WCVB director Metzmaker to step down at end of year
Heidi Desch / Whitefish Pilot | Hagadone News Network | UPDATED 10 years, 11 months AGO
Marketing a town like Whitefish can be worrisome job. Even after paying for billboards with photos of waist-deep powder and blue sky, the snow might not come. Or Glacier National Park could be closed during the fall season.
Still, the Whitefish Convention and Visitor Bureau continues to increase the number of visitors to town and bring an economic boost to the community.
“I’m proud of what we’ve done,” WCVB executive director Jan Metzmaker said last week from her office in the Railroad District.

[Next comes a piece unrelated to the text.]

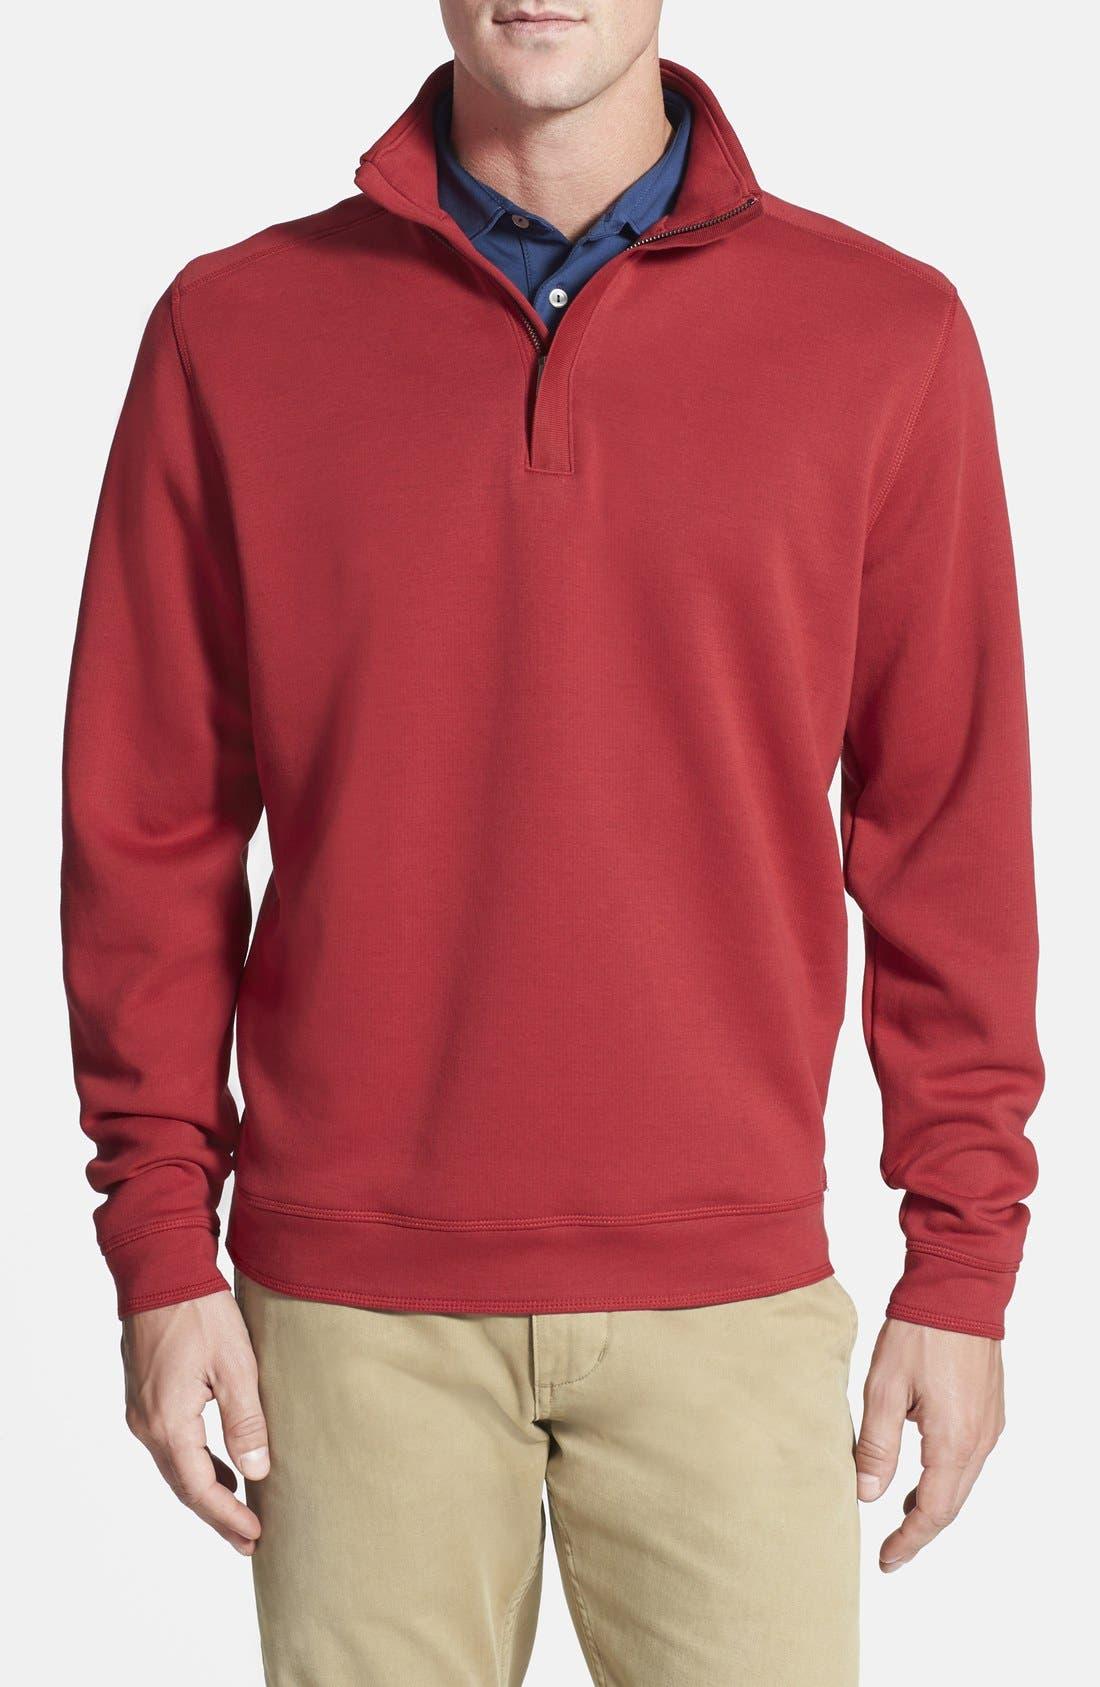 Cutter & Buck 'Decatur' Pima Cotton Pullover (Big & Tall)
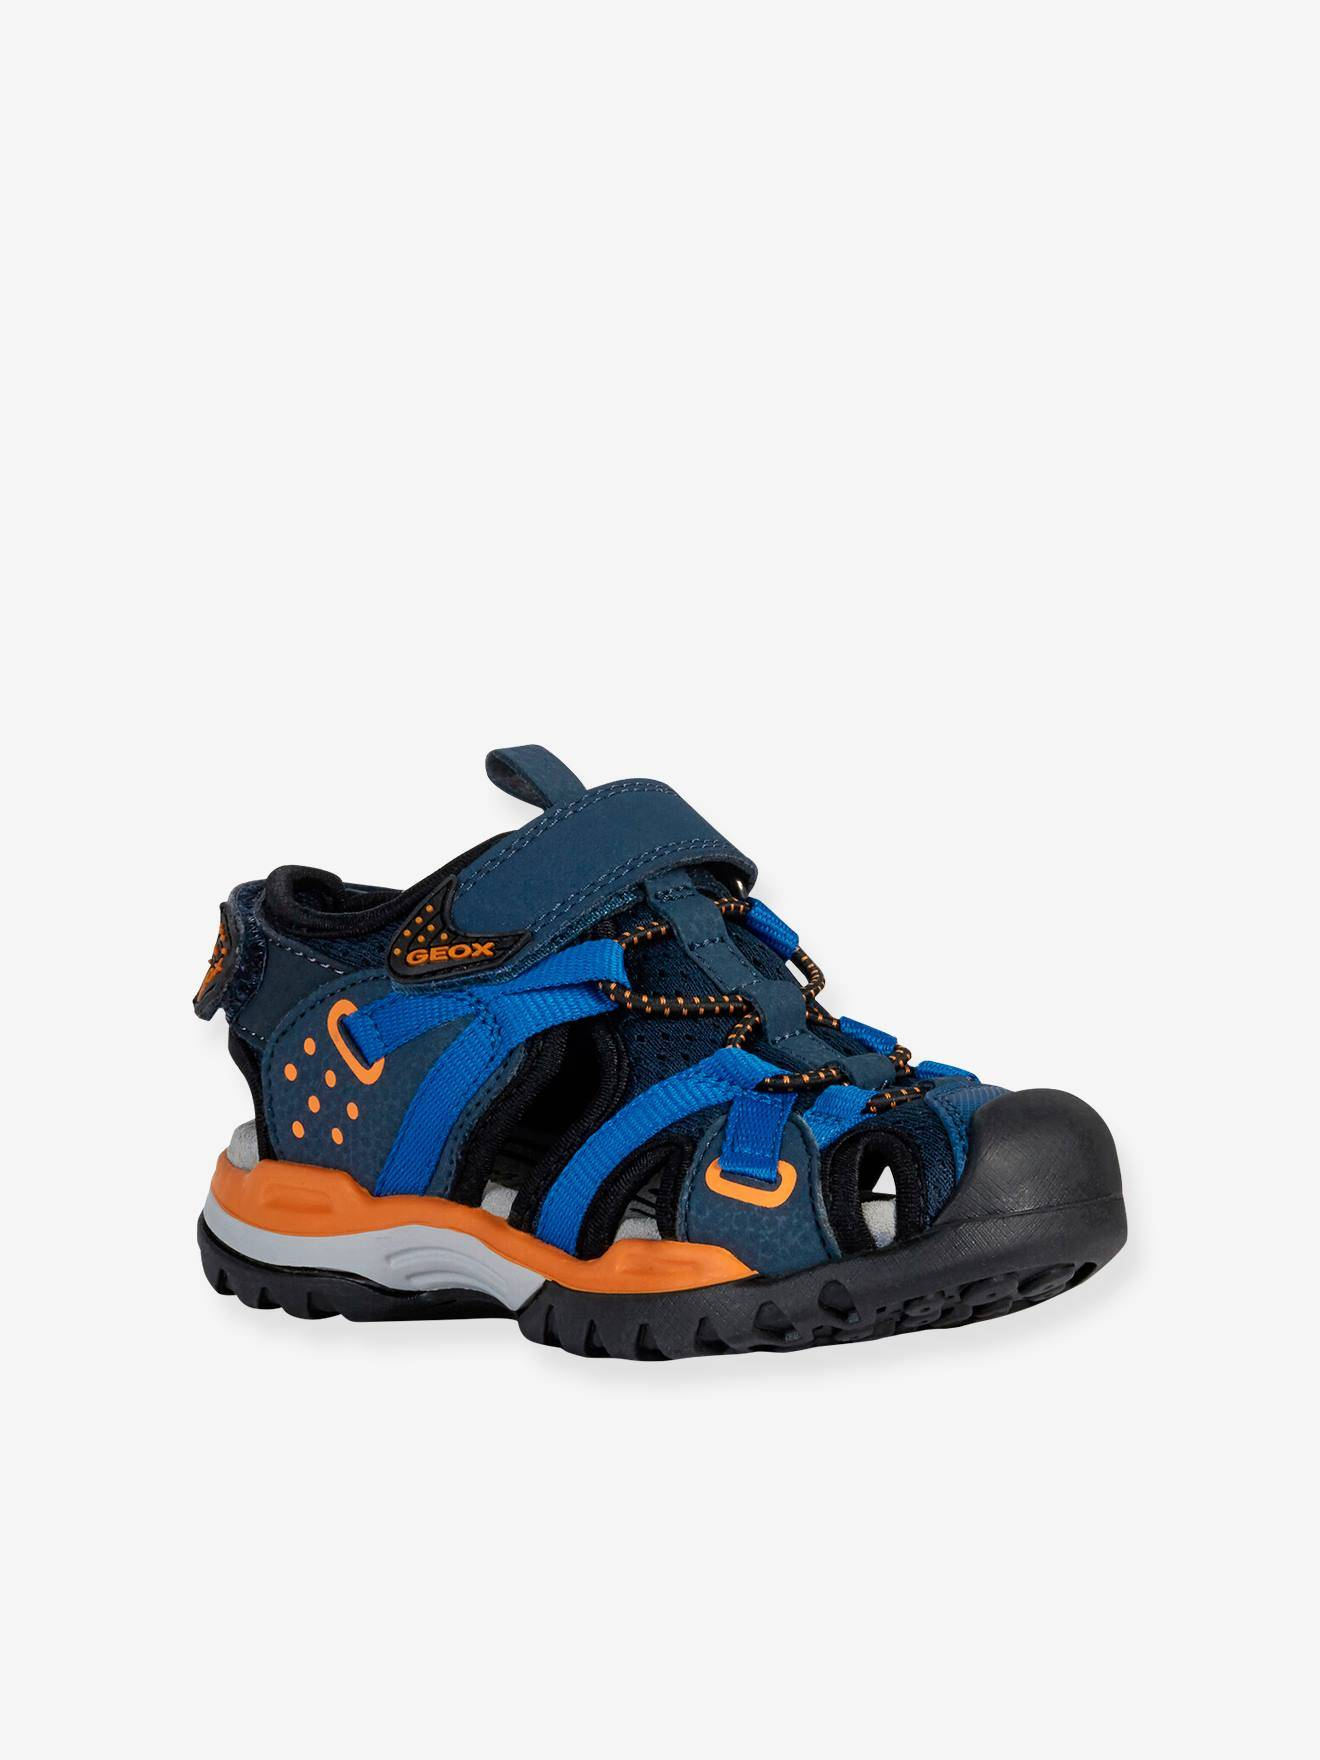 Geox Sandales garçon Borealis Boy B GEOX® bleu orange

Metzmaker has been the one to worry about how to best promote Whitefish, but at the end of the year she’ll leave the job she’s held for the last seven years.
When Metzmaker was first brought on in 2006, the volunteer board of directors asked her to figure out how to make a convention and visitor bureau work. She started calling around to other mountain towns and asking questions.
“I knew the concept was good, but I didn’t know if it was going to work,” she recalled.
Then Whitefish Mountain Resort joined and that got others to follow. Working with the resort on joint marketing efforts has been really important, she noted.
The bureau has gone from an annual budget of about $60,000 that first year to a budget of almost $500,000. Most of the base budget comes from a 1 percent tourism promotion assessment on lodging, rental cars and restaurant purchases, along with some retail businesses paying a flat membership fee.
“We’ve been able to bring people here, get them to spend money and stay longer,” Metzmaker said.
She points to resort tax collection being up 10 percent last year, even in a down economy, along with increased bed tax collection for January to March as proof that the WCVB’s goal of bringing tourists to Whitefish is working.
“We do not promote summer because we don’t have to,” she said. “We want to increase the visitors during the shoulder seasons and make business more successful.”
Originally, Whitefish’s bed tax money went to a county convention visitor bureau until the city decided to break away. Eventually the WCVB was formed and became a separate nonprofit.
“In the end the decision was good for Whitefish because we’re so different from the rest of the county,” she said. “It’s important for us to stand alone and promote ourselves.”
Metzmaker’s first visit to Whitefish came by chance when she picked up a hitchhiker in Glacier Park who needed a ride to town. Then in 1972 she worked as a waitress at the Alpinglow Inn on the mountain.
Metzmaker returned after graduating from college and she’s been here ever since.
“This is my 41st year here,” she said. “I’m glad I’ve been able to stay and I feel fortunate to be able to give something back.”
Metzmaker previously served as executive director for The Glacier Fund and field director for Sen. Max Baucus. A former member of the Whitefish City Council, she has also served on numerous committees.
Leading the WCVB gave her a new opportunity.
“I got to know the people in this town — a lot of the business owners that I didn’t know before,” she said. “We’re lucky to have a lot of good people here.”
The WCVB has grown and changed in the way it reaches out to potential visitors. It’s website has been created as a user-friendly way to learn about what Whitefish has to offer and a free app that assists visitors in finding information about local restaurants, shopping, parks and trails once they’re here. The Montana Office of Tourism often uses Whitefish’s website as an example of good promotion, she noted.
“When we started out, we were just putting ads in magazines,” Metzmaker said. “We still do some magazine ads, but now everything is online.”
Looking back over her time spent growing the WCVB, Metzmaker said she’s most proud of the travel lists that have included Whitefish. Among the designations, Budget Travel Magazine selected Whitefish as one of its 10 Coolest Small Towns in America in 2009 and National Geographic picked the Whitefish Winter Carnival as one of its top-10 winter carnivals in the world.
“Those only happened because of the buzz we created to get Whitefish noticed,” she said.
Metzmaker isn’t sure what she might do next with her life, but says she’s got a new pair of skis waiting.